● **WORK TO COMPLETE**
From the line containing "Beautiful quality and" down to the line containing "Marked on the" in the records below, reproduce every line exactly, ends included, and omit all others.

● **EXCERPTED RECORDS**

━━━━━━━━

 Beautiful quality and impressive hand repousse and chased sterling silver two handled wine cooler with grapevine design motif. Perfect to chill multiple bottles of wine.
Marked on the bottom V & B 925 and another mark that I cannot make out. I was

━━━━━━━━

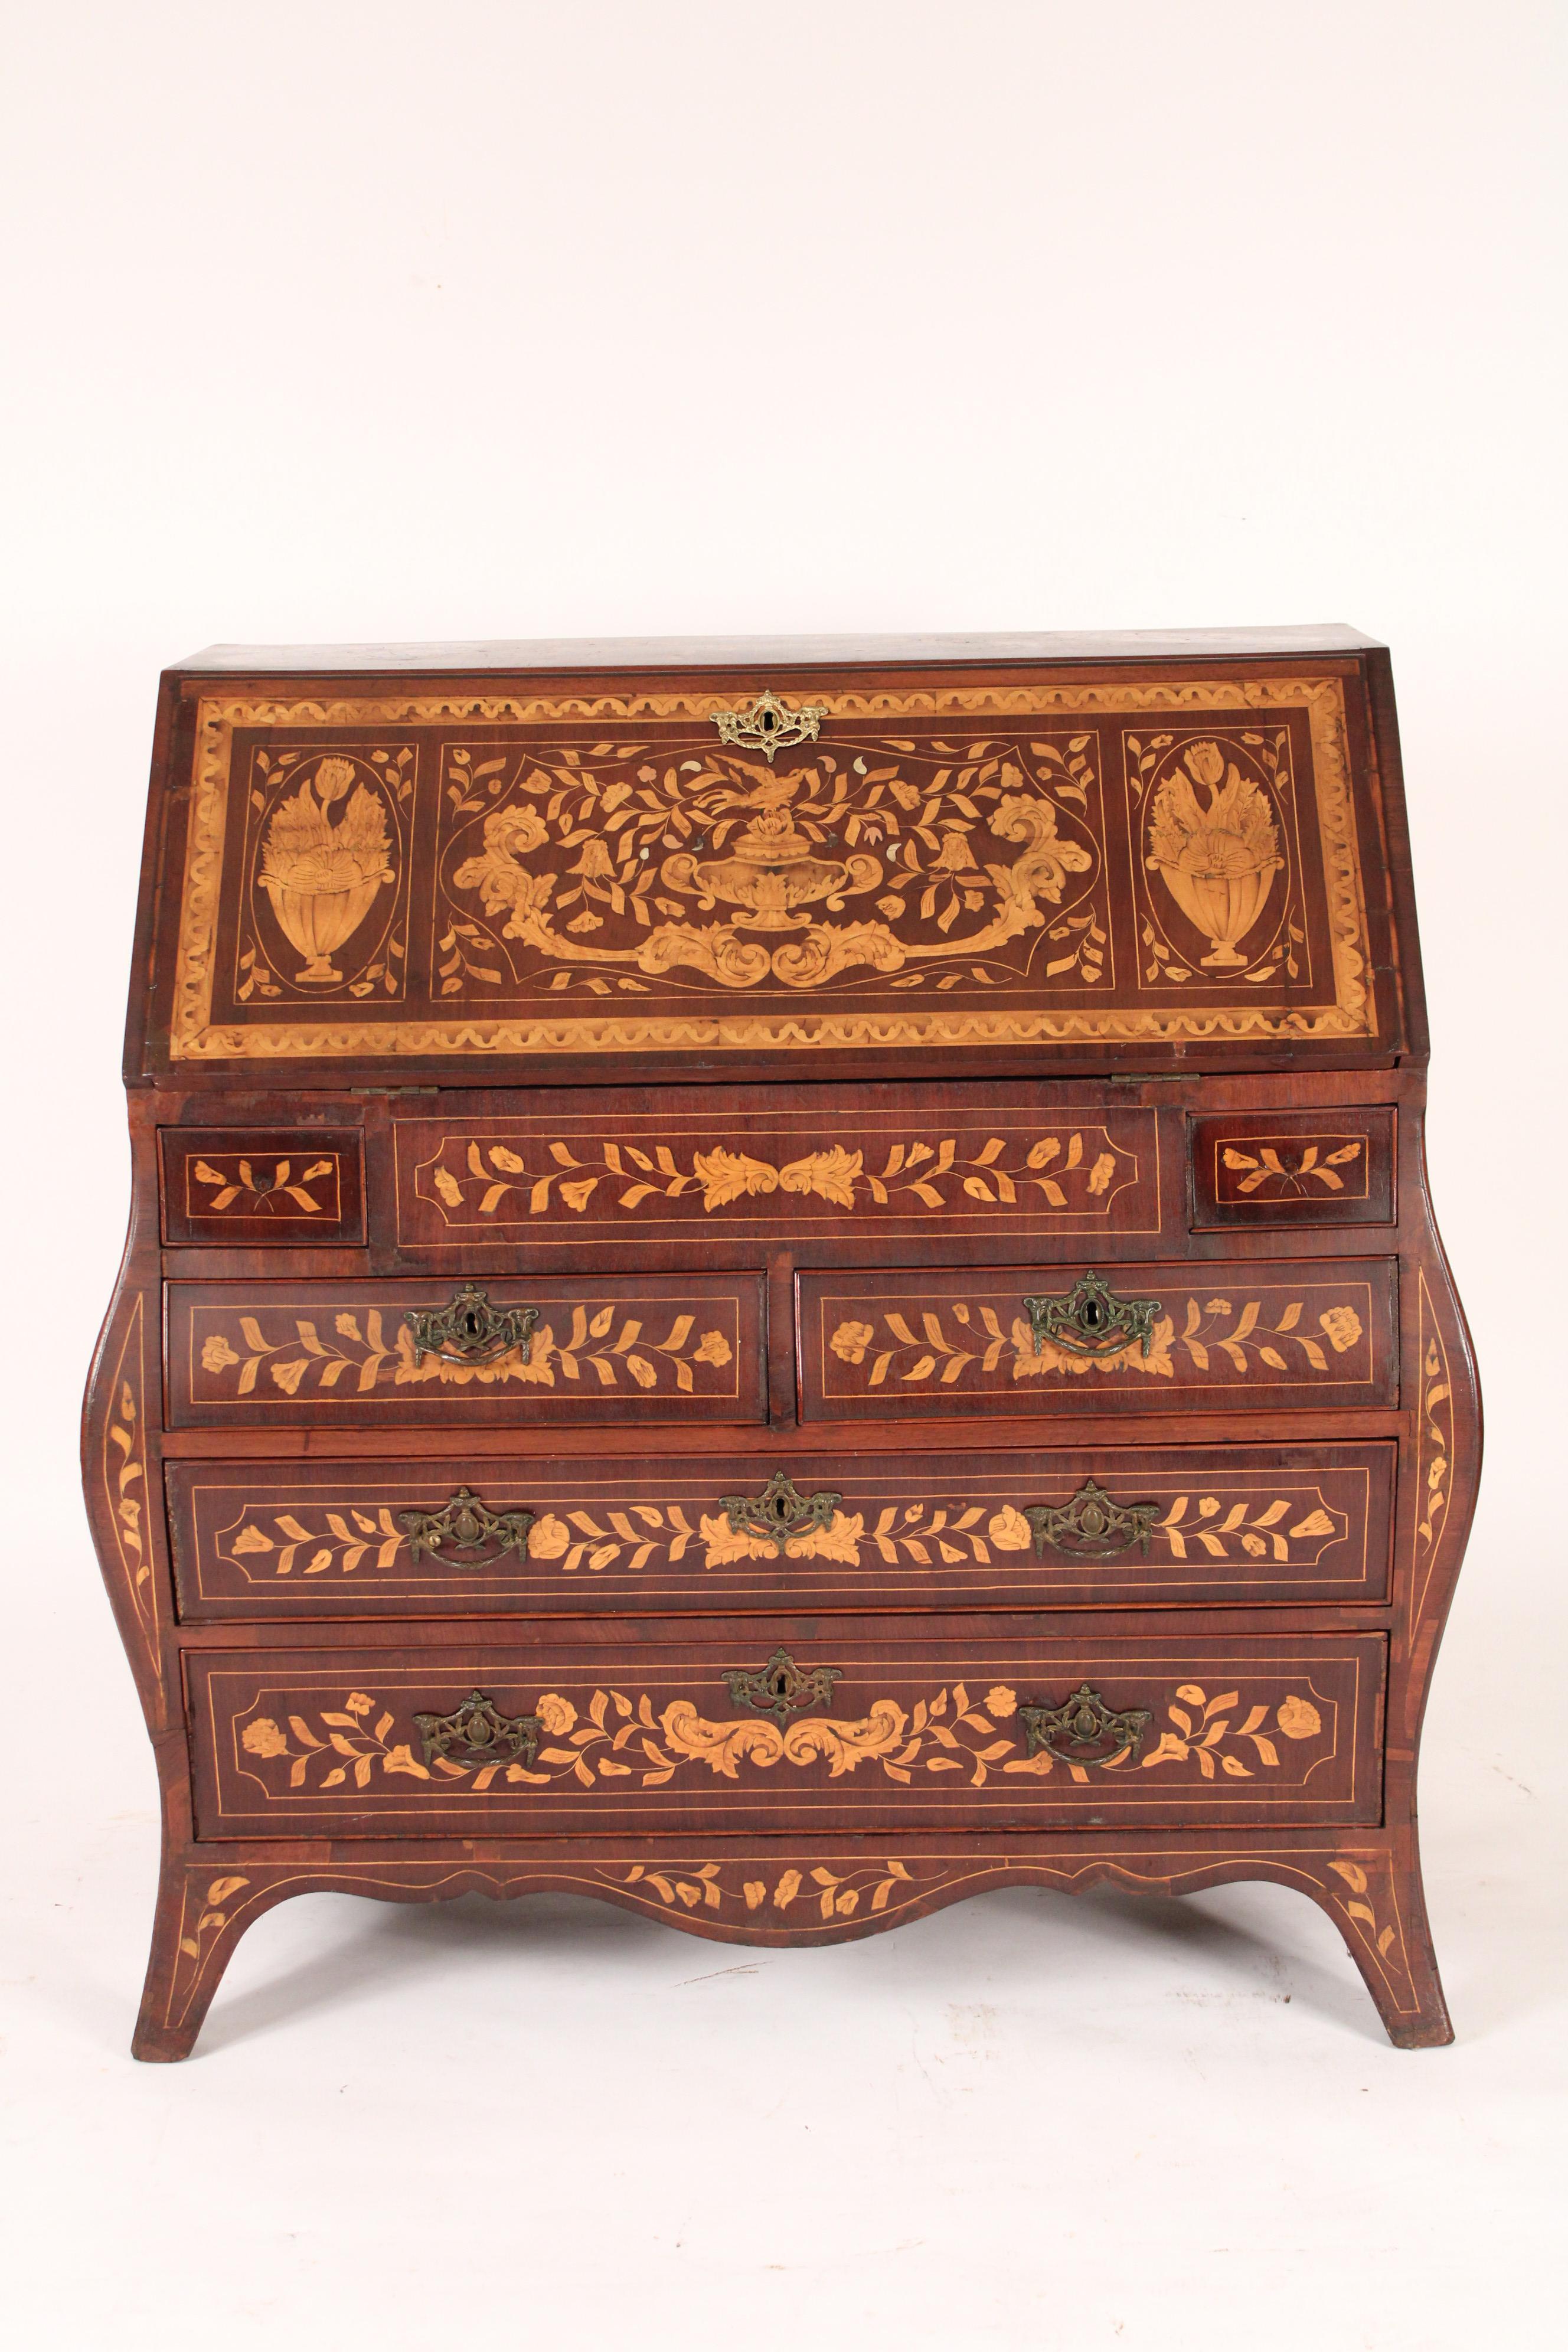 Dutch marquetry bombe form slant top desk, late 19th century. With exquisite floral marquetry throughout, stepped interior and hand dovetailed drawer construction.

━━━━━━━━

● **ANSWER BOX**
 Beautiful quality and impressive hand repousse and chased sterling silver two handled wine cooler with grapevine design motif. Perfect to chill multiple bottles of wine.
Marked on the bottom V & B 925 and another mark that I cannot make out. I was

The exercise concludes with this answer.